Scottish Court promotes Alternative Dispute Resolution

Although we are London based, and have only one other office globally (in Dubai), as a firm we provide advice to, and meet, clients all over the world. Our reach even extends to Scotland!

Being Scots Law qualified I try to keep an eye on the construction market in Scotland – both legally and commercially. From a personal perspective my eyes are somewhat distracted at the moment by the development of a new main stand at Tynecastle Park, Edinburgh, which interestingly is being procured under a construction management model (no main contractor), with the new stand being constructed over and around the current main stand whilst still in operation. This is similar, albeit on a smaller scale, to the construction of the new stand at Anfield.

I digress…

The point of this blog is to highlight a new Practice Note issued on 27 March 2017 by the Court of Session (Scotland’s High Court) relating to Commercial Actions. A Commercial Action in the Court of Session is the closest Scotland has to proceedings raised in the TCC.  A Practice Note gives guidance as to the manner in which a certain court might deal with procedure and what is expected of legal advisers in proceedings.

" A Practice Note gives guidance as to the manner in which a certain court might deal with procedure and what is expected of legal advisers in proceedings. "

There is no formal “pre-action protocol” for commercial or contractual disputes, such that our English clients would recognise, in Scotland. There is, however, a requirement for pre-action communication between the parties with the aim of ensuring that the nature and extent of the dispute has been the subject of careful discussion between the parties. Alternative Dispute Resolution (“ADR”) was mentioned in the previous Practice Note, now replaced, but this was really more of a nudge than anything more forceful.

ADR takes a bit more of the centre stage in the new Practice Note, although it remains relatively gentle. Parties “should” now “consider” referral of the dispute to ADR before raising proceedings. There are also potential cost implications if the parties have not properly considered whether starting the court action is truly necessary.

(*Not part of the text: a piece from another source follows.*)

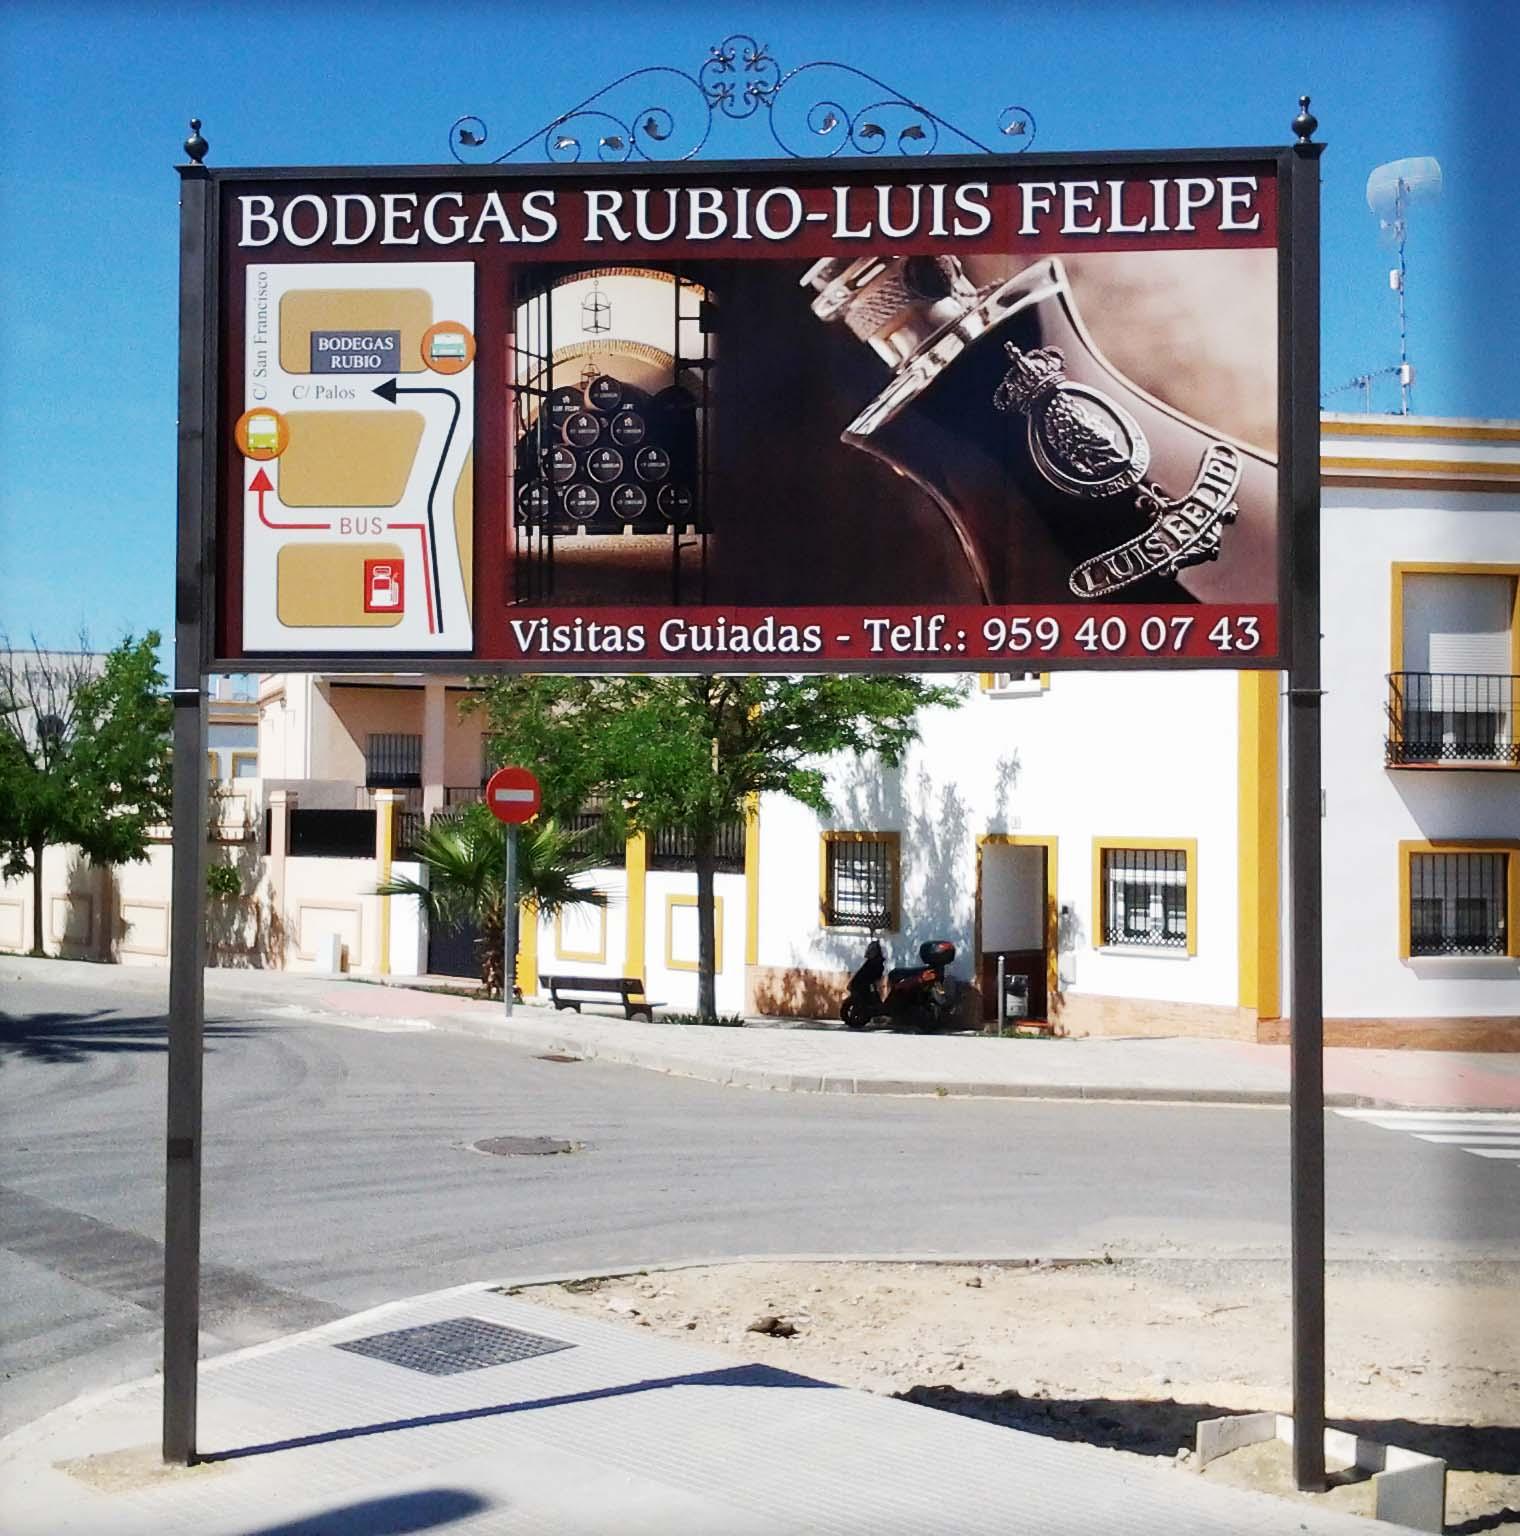 Bodegas Rubio - Luís Felipe

Post-commencement of proceedings, the court will take a proactive role in assessing whether a joint meeting between the parties ought to take place, in which respect a commercial judge can order that such a meeting takes place specifically with a view to the parties exploring whether or not settlement is possible or whether the issues in dispute can be restricted. There is an additional requirement for parties to consider ADR in advance of the procedural hearing.

Finally, but importantly, sanctions. It is easiest simply to quote the relevant paragraph:

“Any failure of a party to comply with a provision in the rules or a court order may result in a refusal to extend deadlines, dismissal of the action or counterclaim, decree in terms of the conclusions of the summons or counterclaim or a finding of expenses.”

This process is similar to the English pre-action protocol system although arguably less structured. It is certainly less prescriptive. However, the risk of costs sanctions is present if parties do not seriously consider ADR. There would be nothing, of course, to stop parties agreeing that a Scottish-based contract incorporates the Construction and Engineering Pre-Action Protocol as part of the dispute resolution mechanics. Such agreement might depend on a party’s attitude to ADR.